TASK DIRECTIONS
Below, locate the line that contains "Historical Notes on". Repeat exactly from that line to the line that contains "Samson owner manual", inclusive, leaving out the pictures.

GIVEN DATA Block Start

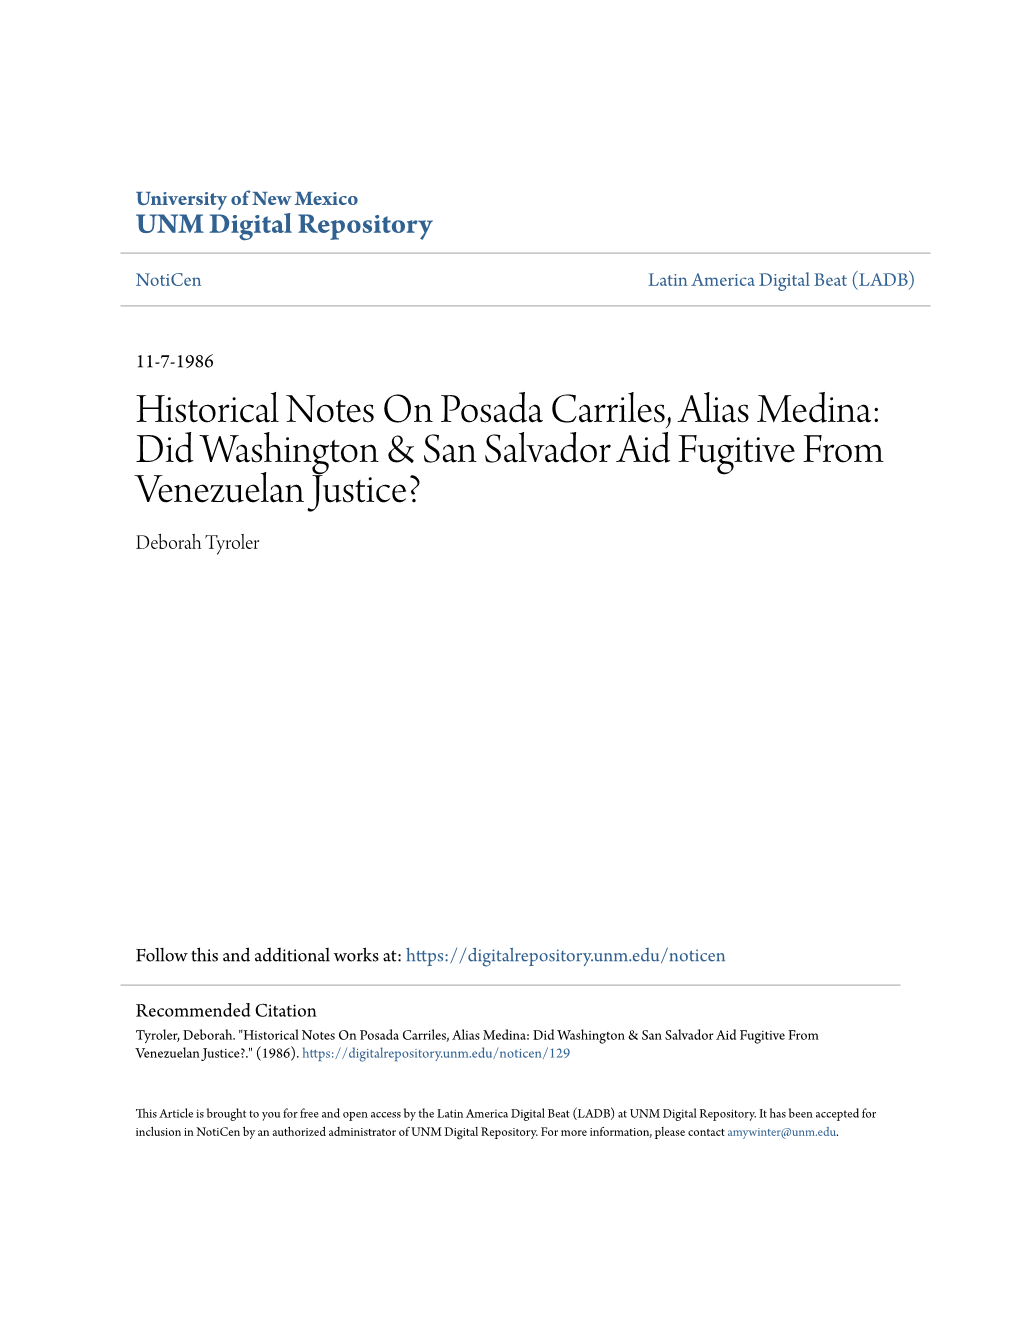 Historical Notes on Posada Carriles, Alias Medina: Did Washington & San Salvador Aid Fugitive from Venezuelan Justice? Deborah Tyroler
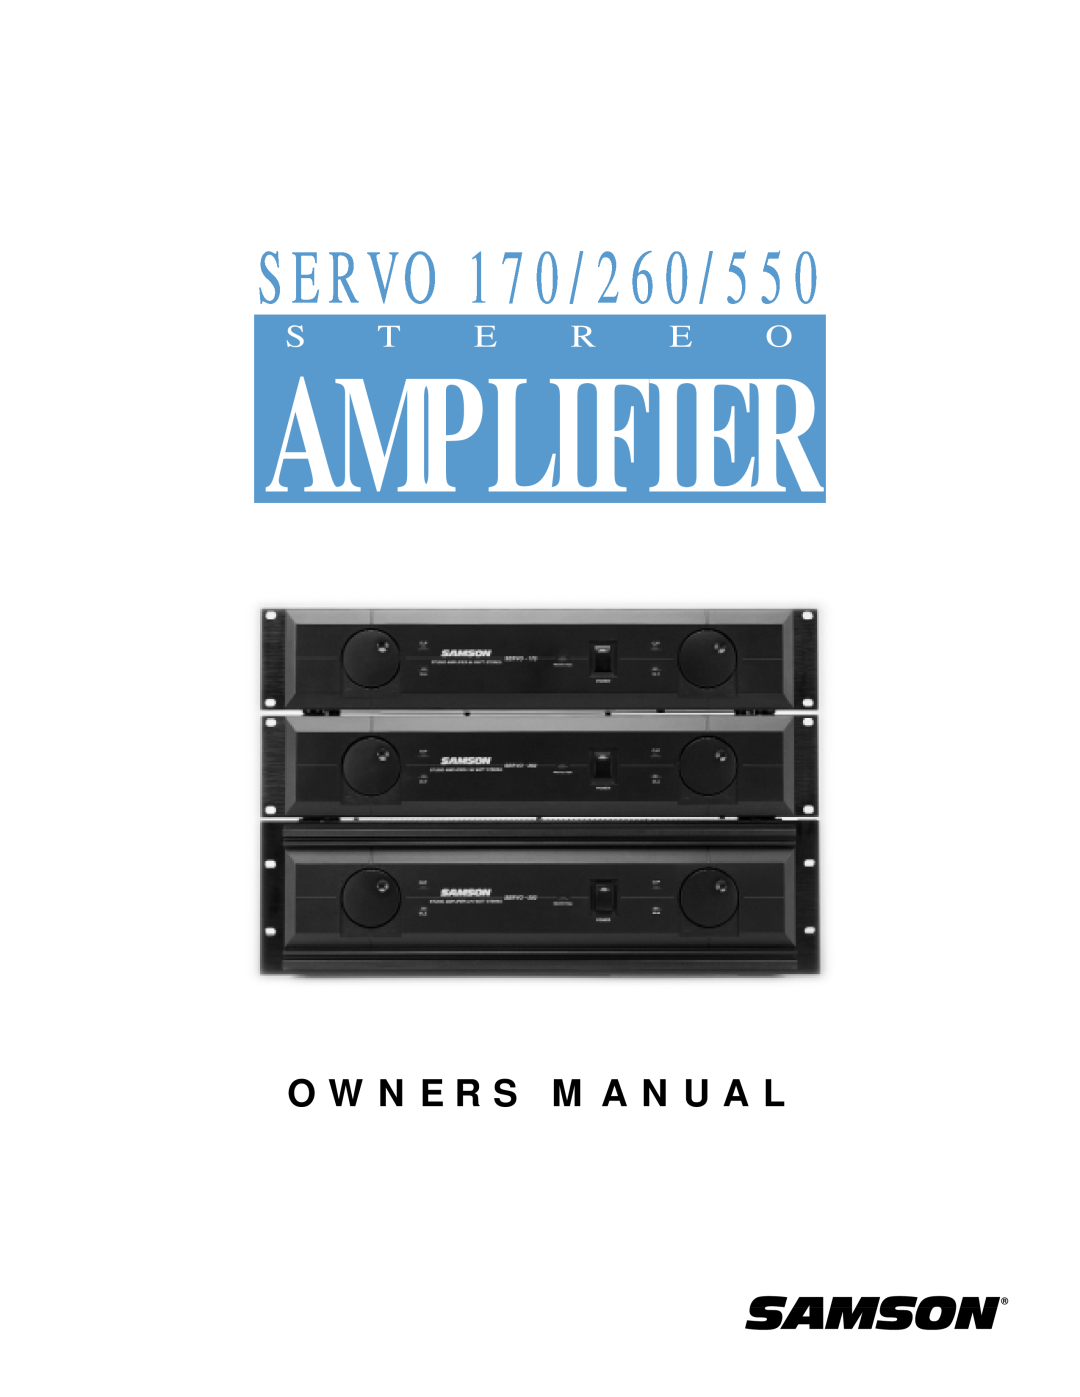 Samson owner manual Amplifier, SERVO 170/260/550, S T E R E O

GIVEN DATA Block End
GIVEN DATA Block Start

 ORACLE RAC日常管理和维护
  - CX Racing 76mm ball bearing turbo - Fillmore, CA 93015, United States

GIVEN DATA Block End
GIVEN DATA Block Start

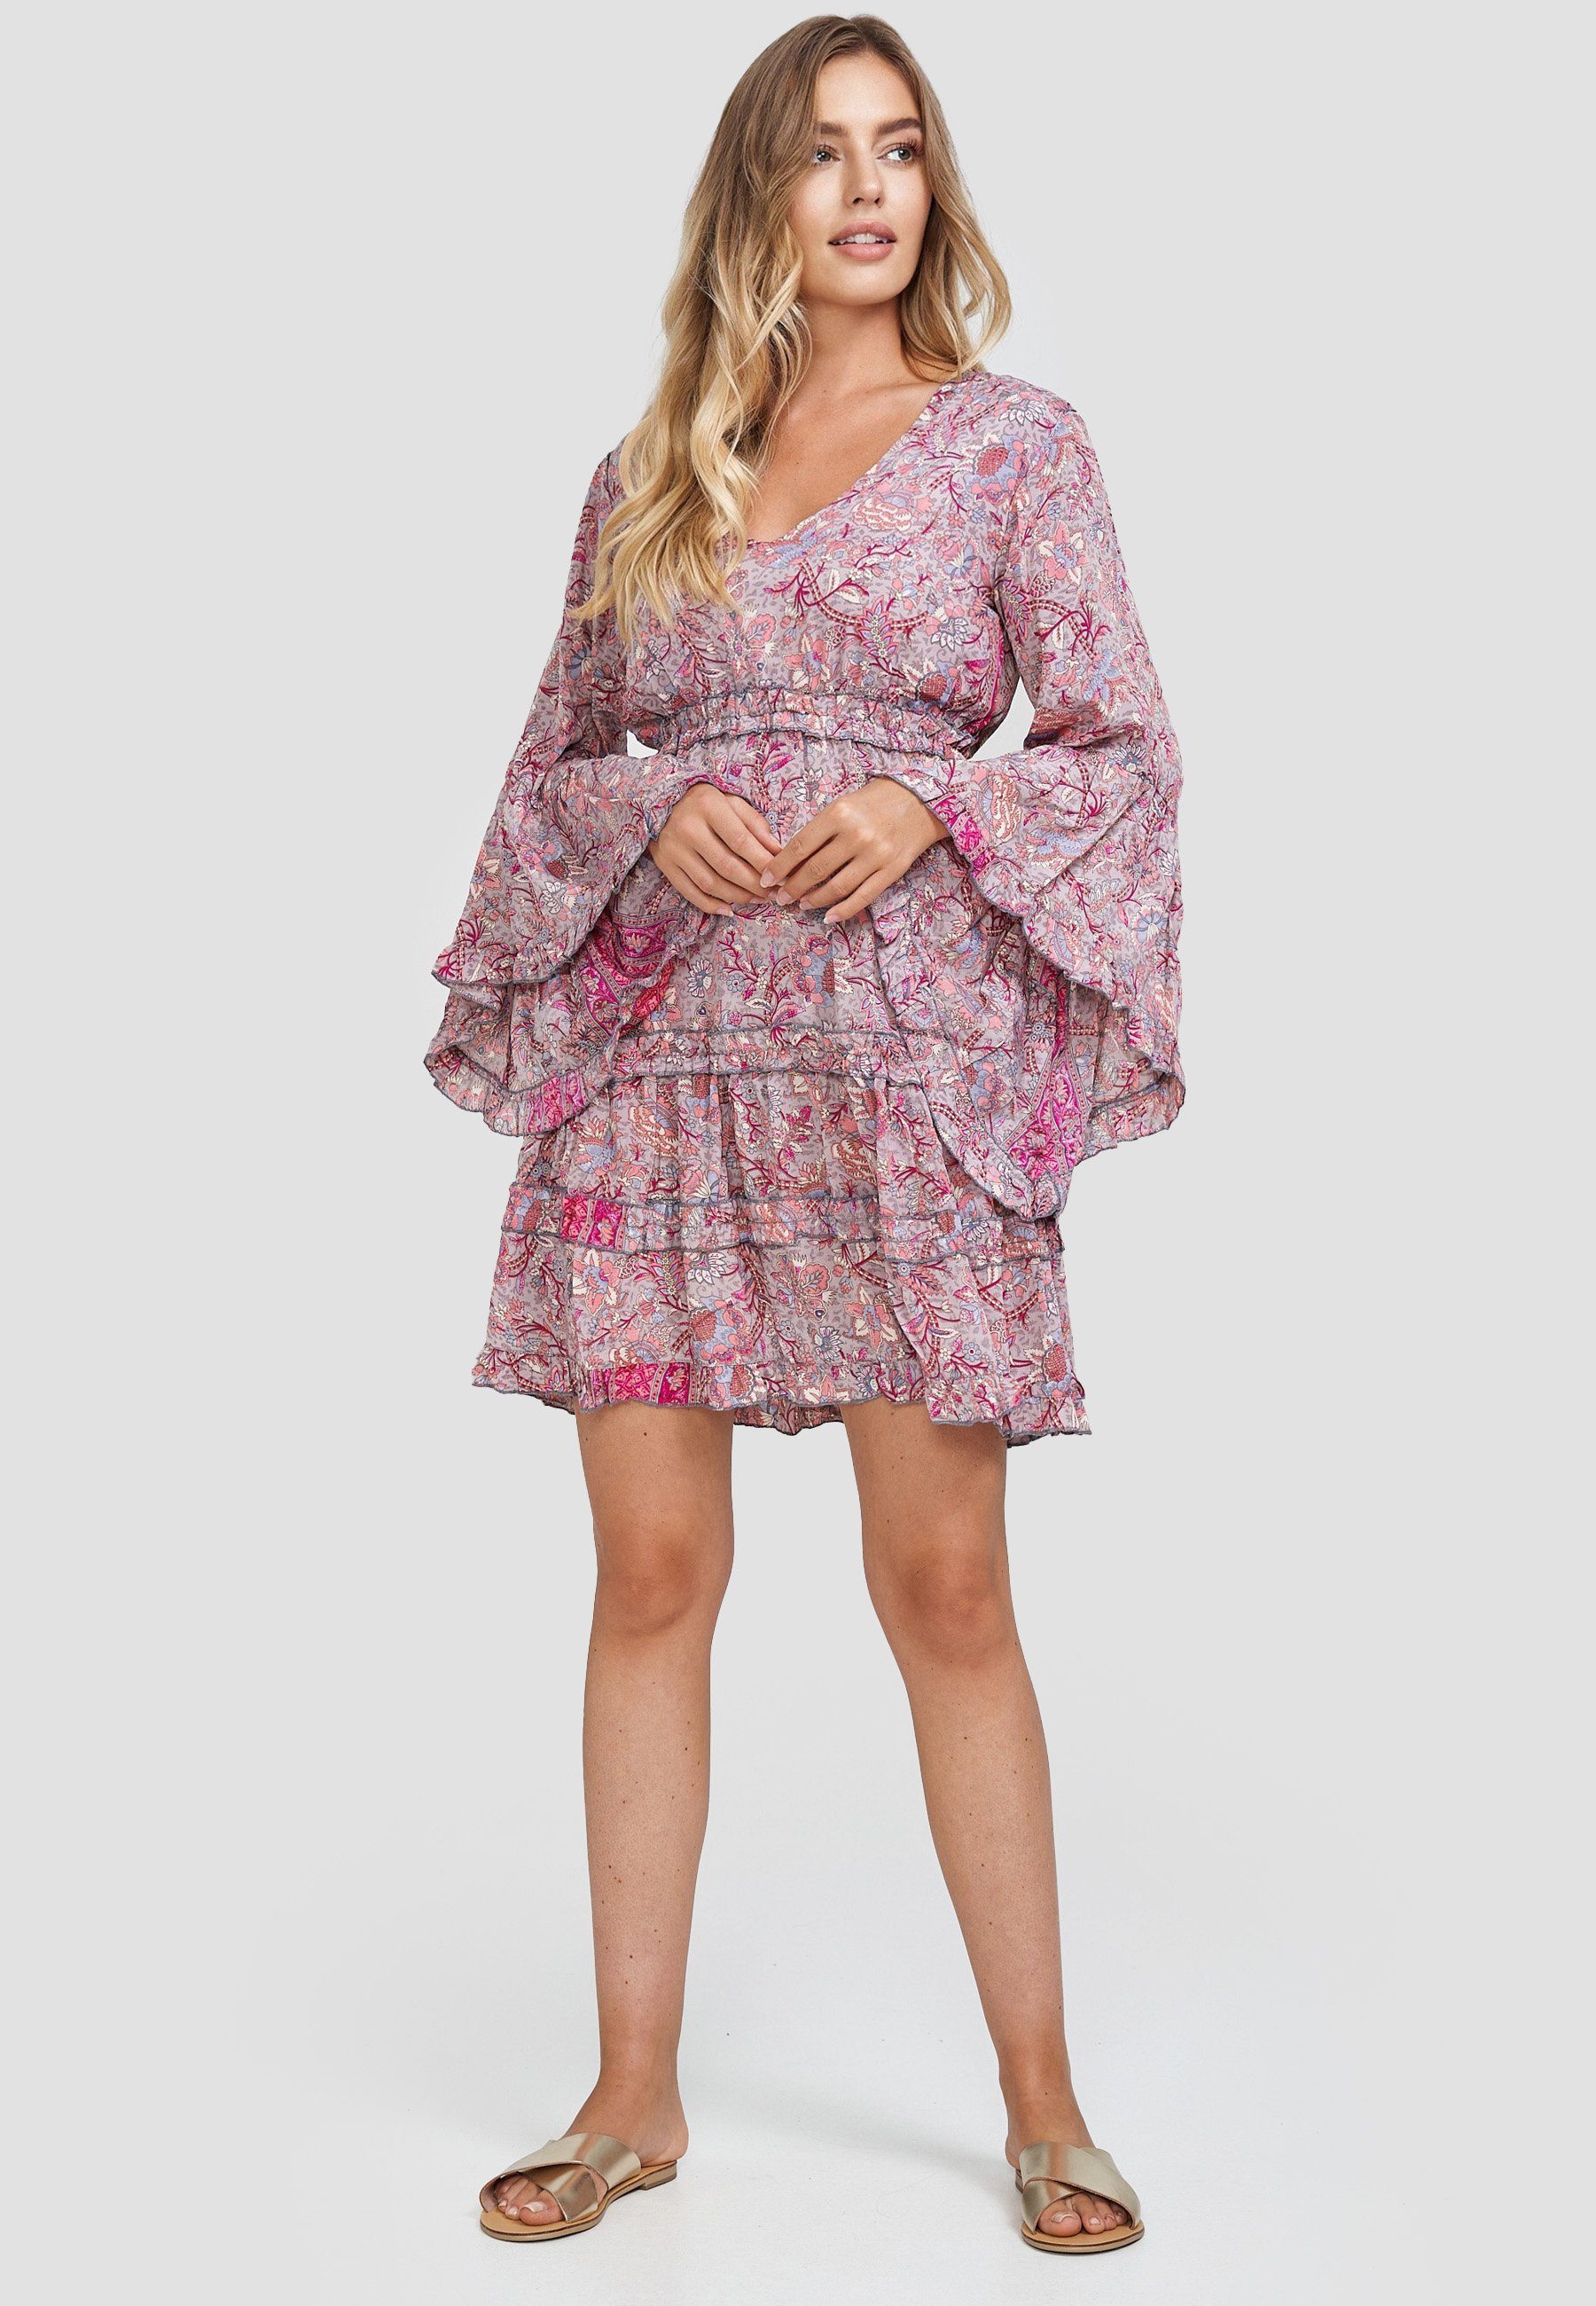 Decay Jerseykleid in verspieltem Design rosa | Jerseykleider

GIVEN DATA Block End

TASK RESULT
 Historical Notes on Posada Carriles, Alias Medina: Did Washington & San Salvador Aid Fugitive from Venezuelan Justice? Deborah Tyroler
 Samson owner manual Amplifier, SERVO 170/260/550, S T E R E O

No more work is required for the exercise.